From c84836c0df673af9395d65b96a349ef28419be4d Mon Sep 17 00:00:00 2001
From: rishab-partha <rishab.parthasarathy@gmail.com>
Date: Wed, 21 Aug 2024 06:05:16 +0000
Subject: [PATCH] add fsdp wrapping

---
 diffusion/models/models.py | 40 ++++++++++++++++++++++++++++++++++++++
 1 file changed, 40 insertions(+)

diff --git a/diffusion/models/models.py b/diffusion/models/models.py
index 8fd5a33d..737b125b 100644
--- a/diffusion/models/models.py
+++ b/diffusion/models/models.py
@@ -233,6 +233,26 @@ def stable_diffusion_2(
             target_modules=['to_k', 'to_q', 'to_v', 'to_out.0'],
         )
         model.unet.add_adapter(unet_lora_config)

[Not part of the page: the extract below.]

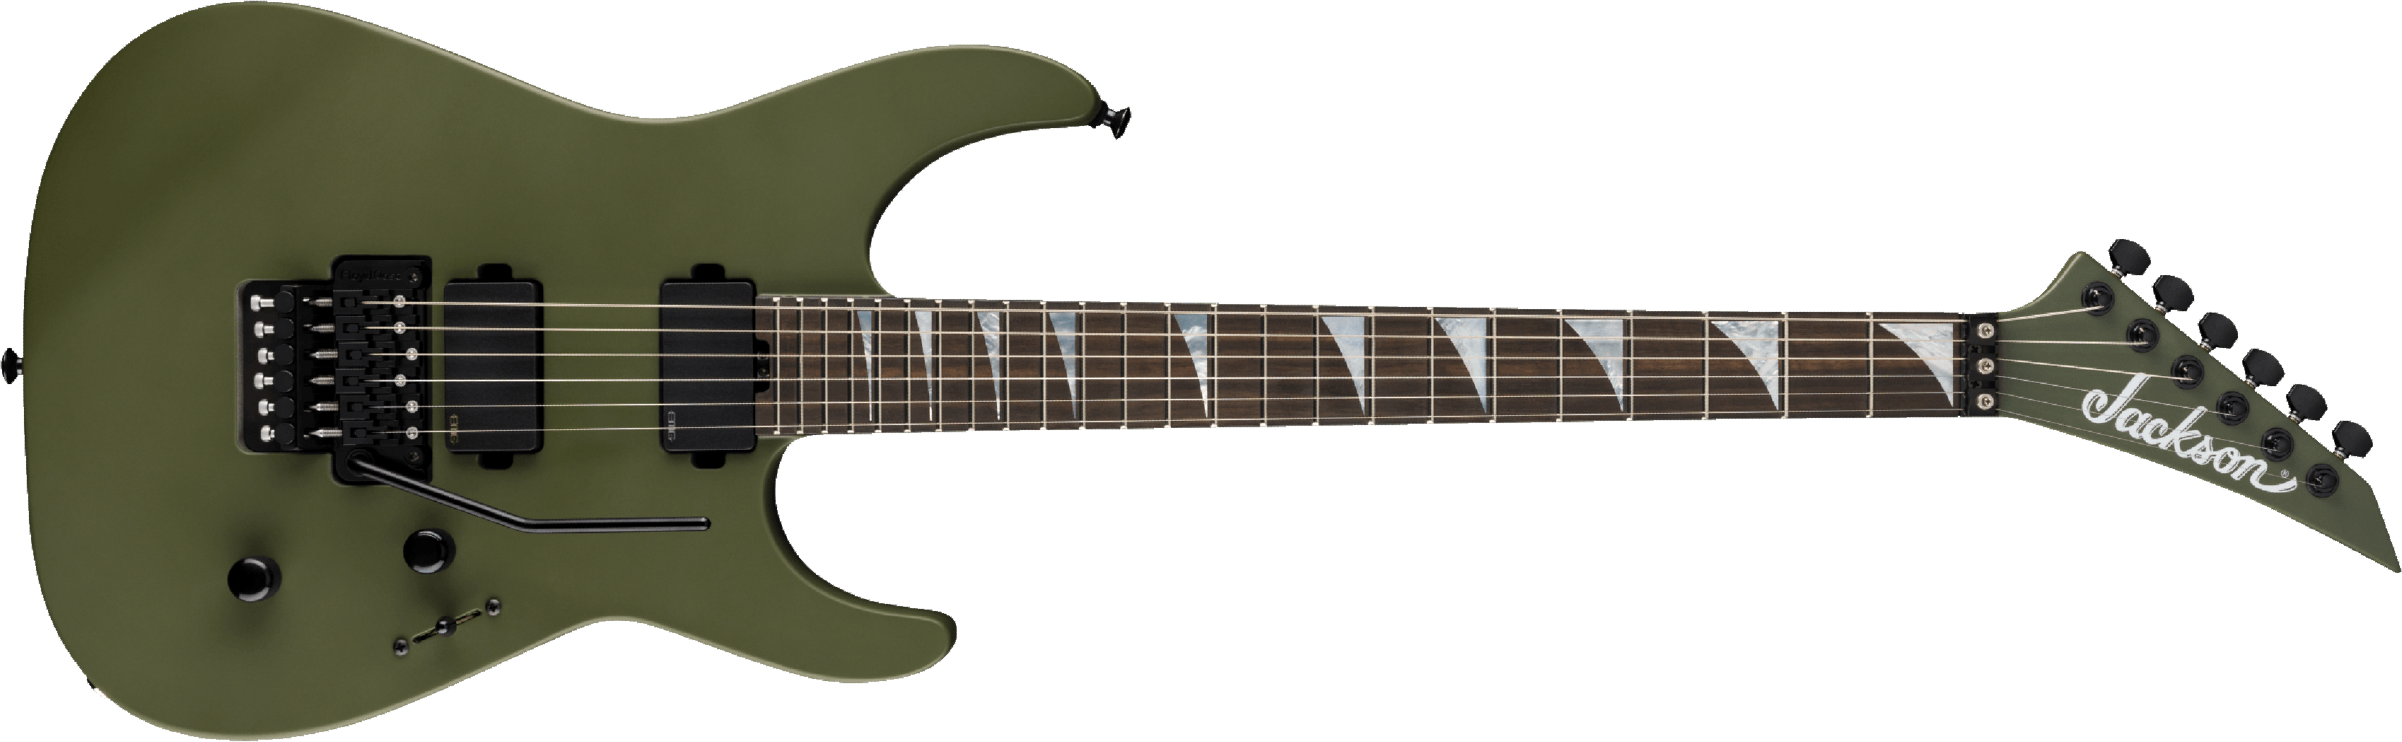 Jackson Sl2mg American Soloist Trem Hh Eb - Matte Army Drab - Metal electric guitar - Main picture
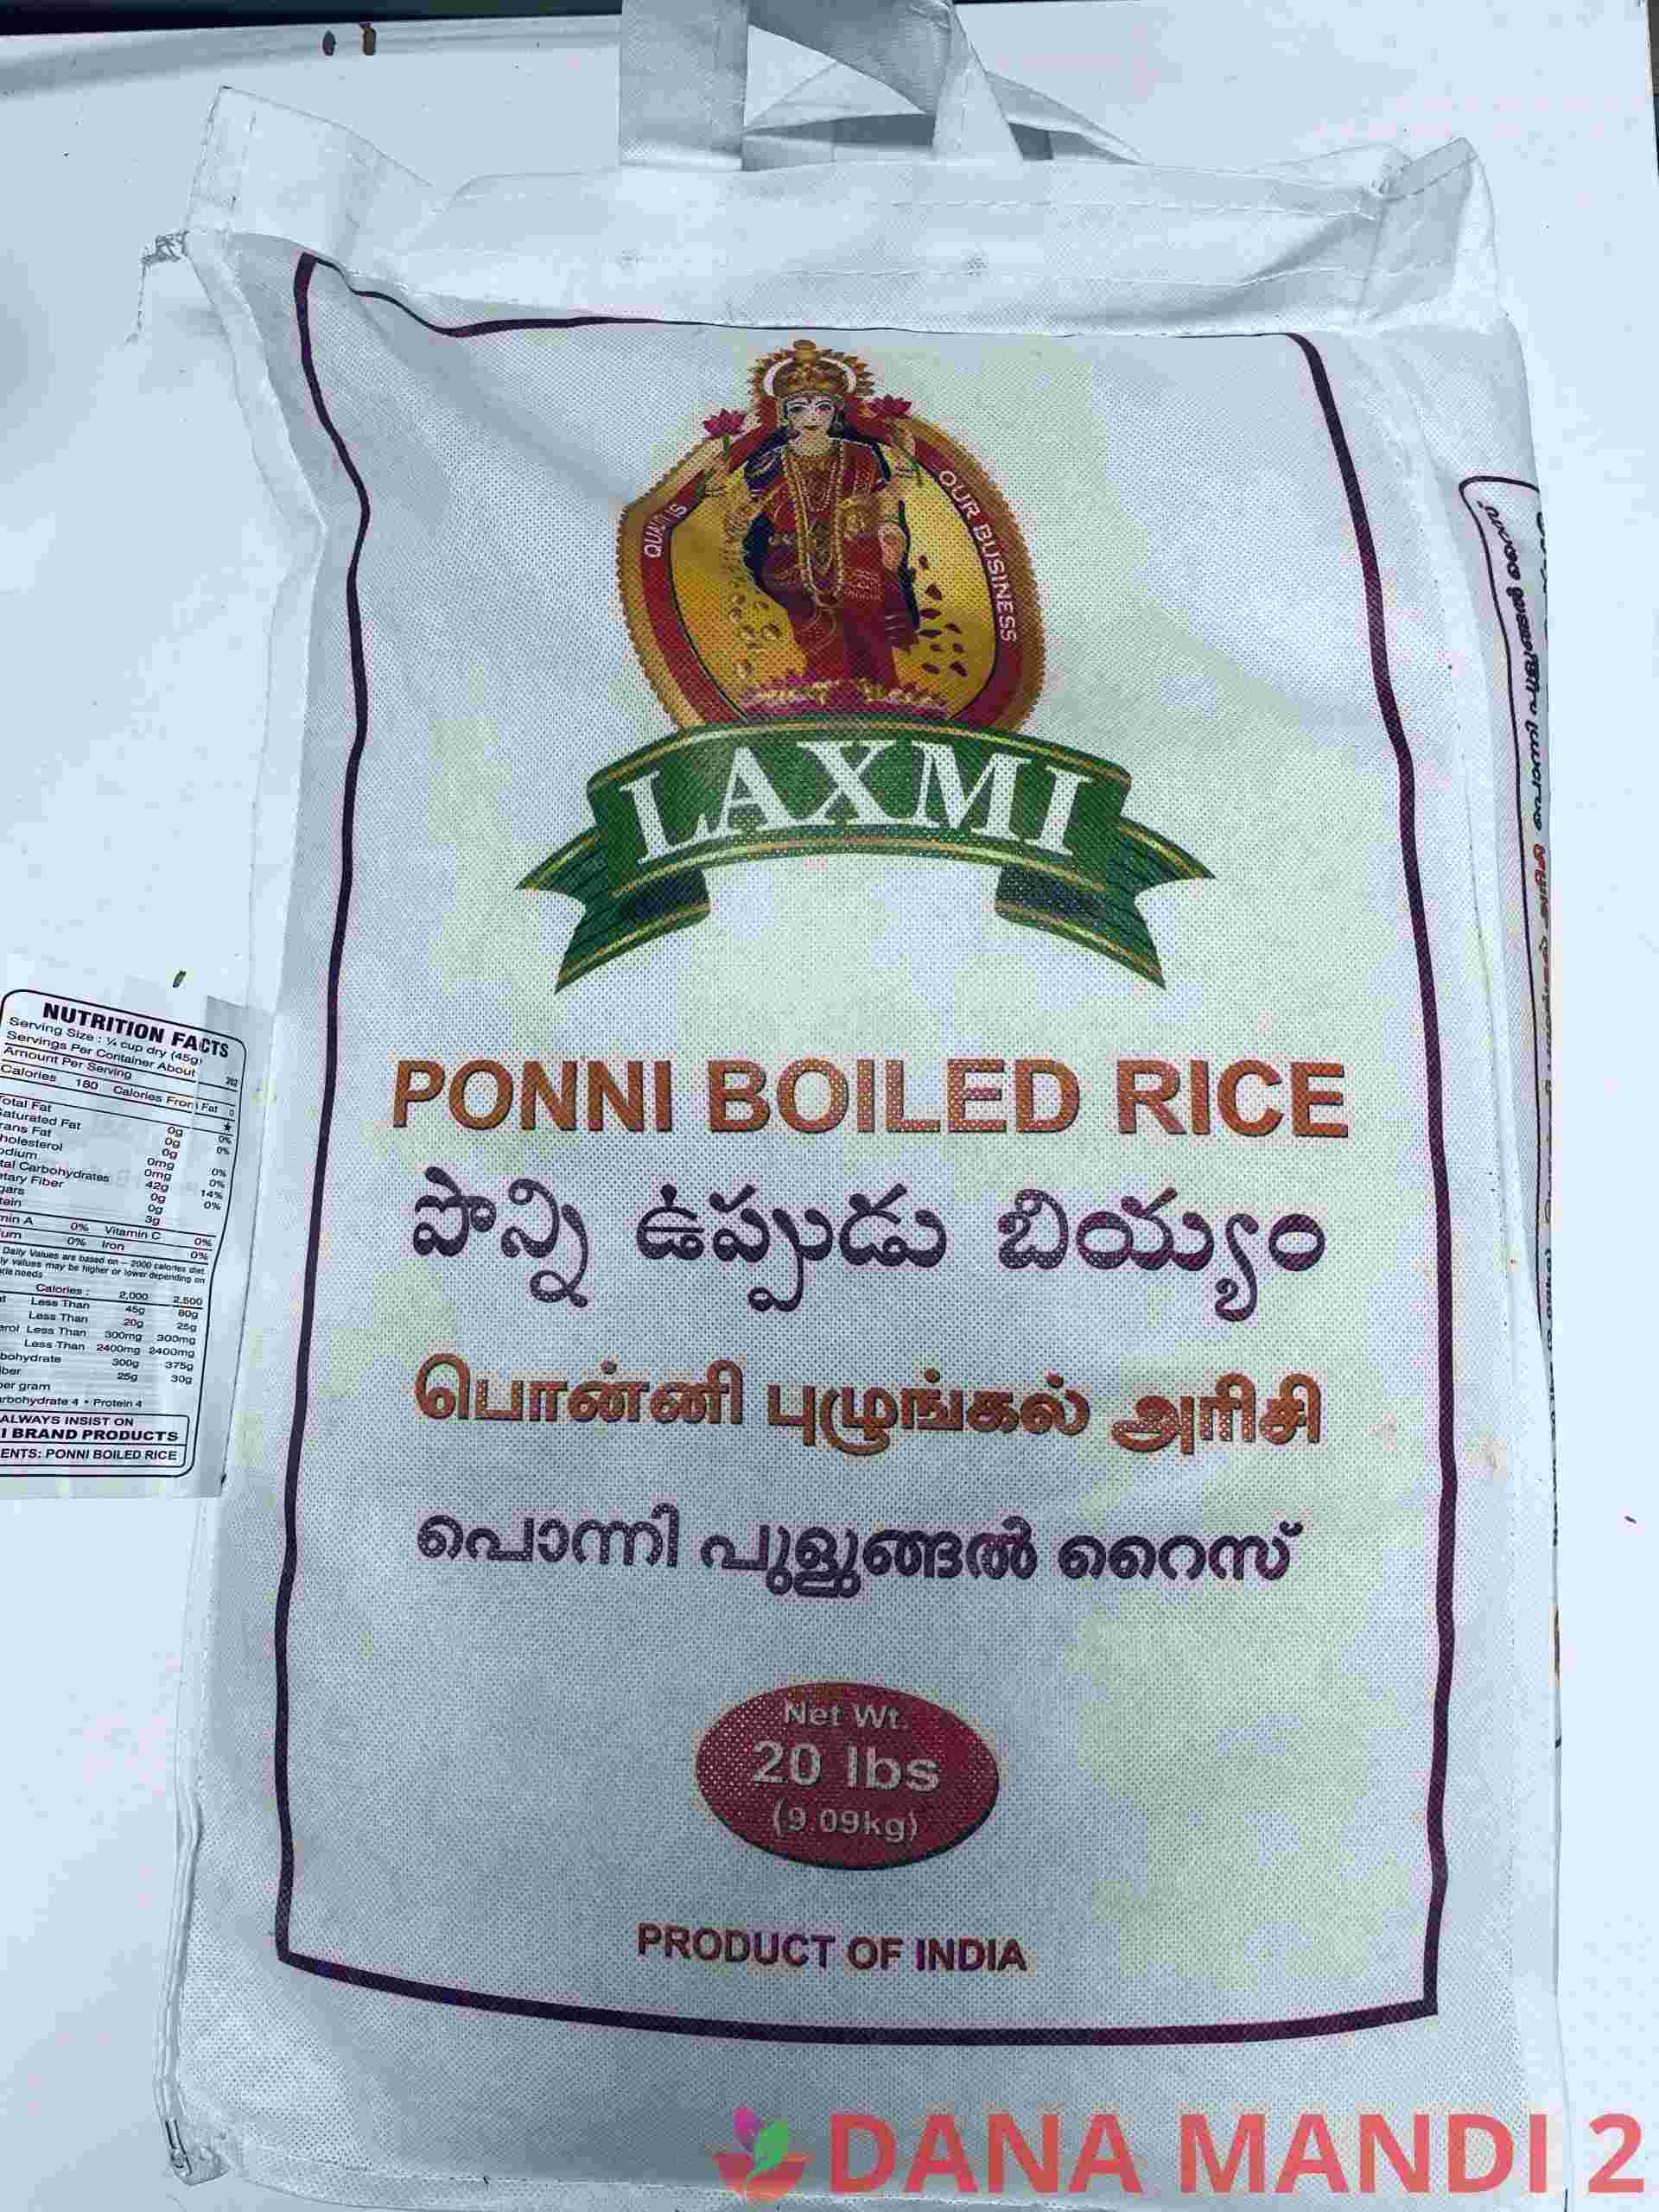 Laxmi Ponni Boiled Rice

+        model.unet._fsdp_wrap = True
+        if hasattr(model.unet, 'mid_block') and model.unet.mid_block is not None:
+            for attention in model.unet.mid_block.attentions:
+                attention._fsdp_wrap = True
+            for resnet in model.unet.mid_block.resnets:
+                resnet._fsdp_wrap = True
+        for block in model.unet.up_blocks:
+            if hasattr(block, 'attentions'):
+                for attention in block.attentions:
+                    attention._fsdp_wrap = True
+            if hasattr(block, 'resnets'):
+                for resnet in block.resnets:
+                    resnet._fsdp_wrap = True
+        for block in model.unet.down_blocks:
+            if hasattr(block, 'attentions'):
+                for attention in block.attentions:
+                    attention._fsdp_wrap = True
+            if hasattr(block, 'resnets'):
+                for resnet in block.resnets:
+                    resnet._fsdp_wrap = True
 
     if torch.cuda.is_available():
         model = DeviceGPU().module_to_device(model)
@@ -518,6 +538,26 @@ def stable_diffusion_xl(
             target_modules=['to_k', 'to_q', 'to_v', 'to_out.0'],
         )
         model.unet.add_adapter(unet_lora_config)
+        model.unet._fsdp_wrap = True
+        if hasattr(model.unet, 'mid_block') and model.unet.mid_block is not None:
+            for attention in model.unet.mid_block.attentions:
+                attention._fsdp_wrap = True
+            for resnet in model.unet.mid_block.resnets:
+                resnet._fsdp_wrap = True
+        for block in model.unet.up_blocks:
+            if hasattr(block, 'attentions'):
+                for attention in block.attentions:
+                    attention._fsdp_wrap = True
+            if hasattr(block, 'resnets'):
+                for resnet in block.resnets:
+                    resnet._fsdp_wrap = True
+        for block in model.unet.down_blocks:
+            if hasattr(block, 'attentions'):
+                for attention in block.attentions:
+                    attention._fsdp_wrap = True
+            if hasattr(block, 'resnets'):
+                for resnet in block.resnets:
+                    resnet._fsdp_wrap = True
     if torch.cuda.is_available():
         model = DeviceGPU().module_to_device(model)
         if is_xformers_installed and use_xformers: